Zoll – Schulungen

Das Zollrecht ist sehr umfangreich und für viele Leute ein Buch mit sieben Siegeln. Wer in einem Unternehmen arbeitet, das im Import und Export tätig ist, sollte allerdings mit einigen grundsätzlichen Bestimmungen vertraut sein. Abhängig von den eigenen Aufgaben und den Verantwortlichkeiten sollten die Mitarbeiter über das entsprechende Know-how verfügen, damit ihnen keine Fehler unterlaufen. Am besten ist es, über eine Schulung Zoll, Umsatzsteuer und Außenwirtschaftsrecht kennenzulernen. Diese Seminare bilden eine gute Voraussetzung für die Mitarbeiter, die im Anschluss die zu verzollenden Waren vorbereiten müssen. Beim Zollrecht geht es im Allgemeinen um die Einfuhr von ausländischer Ware. Abhängig von dem Status der Teilnehmer wird Grundlagenwissen vermittelt oder weiterführendes Know-how für die Experten. Zollverfahren werden ebenso vorgestellt wie spezielle Beschränkungen im Rahmen der Einfuhr. Es geht um Präferenzabkommen sowie um vereinfachte Maßnahmen, die den Zollprozess optimieren.

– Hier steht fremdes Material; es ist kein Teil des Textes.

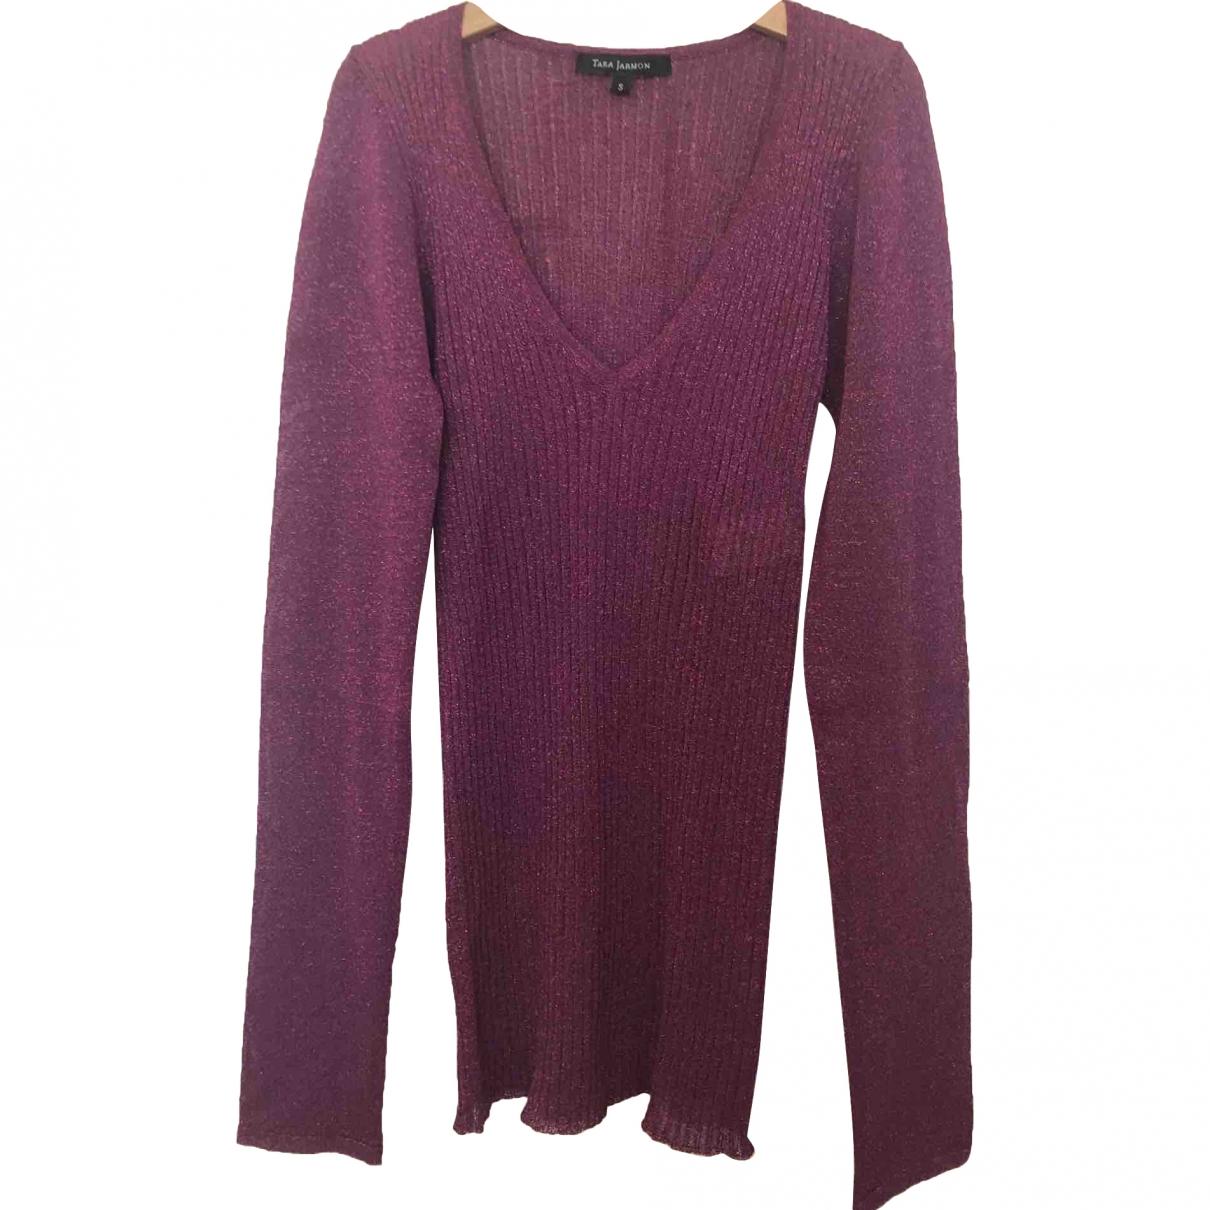 Tara Jarmon \N Pink Knitwear for Women S International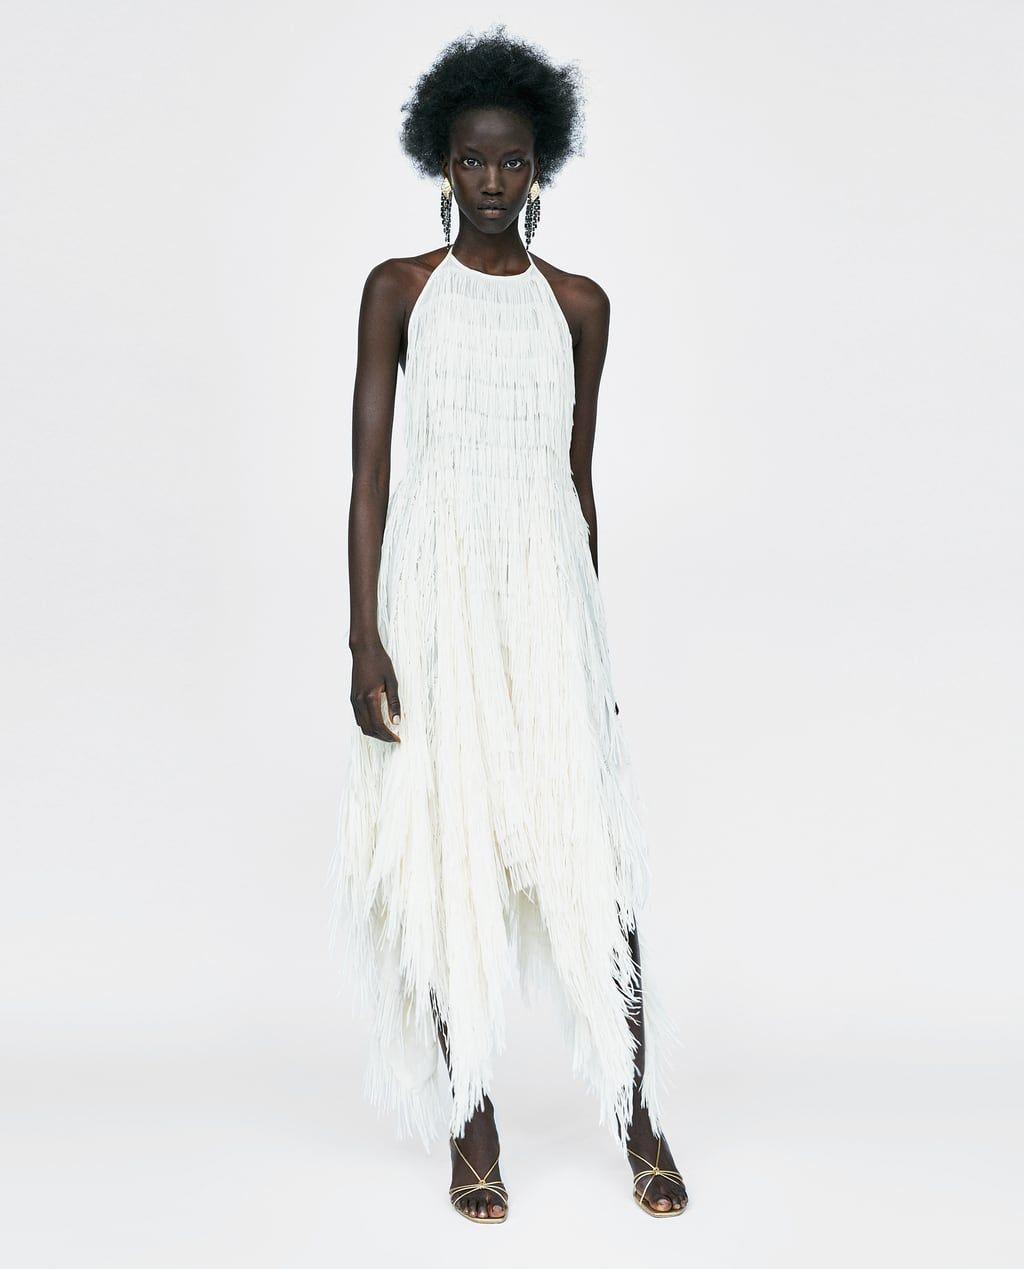 6ea89fdd VESTIDO HALTER FLECOS | Style ღஐƸ̵̡Ӝ̵̨̄Ʒஐღ¸ | Dresses, Zara ...

Eine solche Zollrecht-Schulung hat zum Ziel, die Zeit der Lieferung und Beschaffung zu verkürzen, damit in der Folge die Kosten der Bearbeitung gesenkt werden können. Die Zollverfahren sind finanziell und wirtschaftlich betrachtet von großer Wichtigkeit für die Unternehmen im Import- und Exportgeschäft. Auch wenn die Zollabgaben nicht eingespart werden können, bieten sich häufig Möglichkeiten, die Abläufe zu verbessern und damit die Kosten zu verringern. Unternehmen, die am Außenhandel teilnehmen, sehen den direkten Zusammenhang von Zollrecht und Umsatzsteuerrecht. Auch hier sollten die verantwortlichen Mitarbeiter gut geschult sein, damit der Außenhandelsverkehr sicher und korrekt abläuft, sowohl innerhalb der Europäischen Union als auch mit Drittländern. Das Außenwirtschaftsrecht mit der entsprechenden Außenwirtschaftsverordnung regelt den Verkehr von Waren, Dienstleistungen und Zahlungen. Damit ist es für Im- und Exportfirmen ebenfalls ein wichtiges Thema.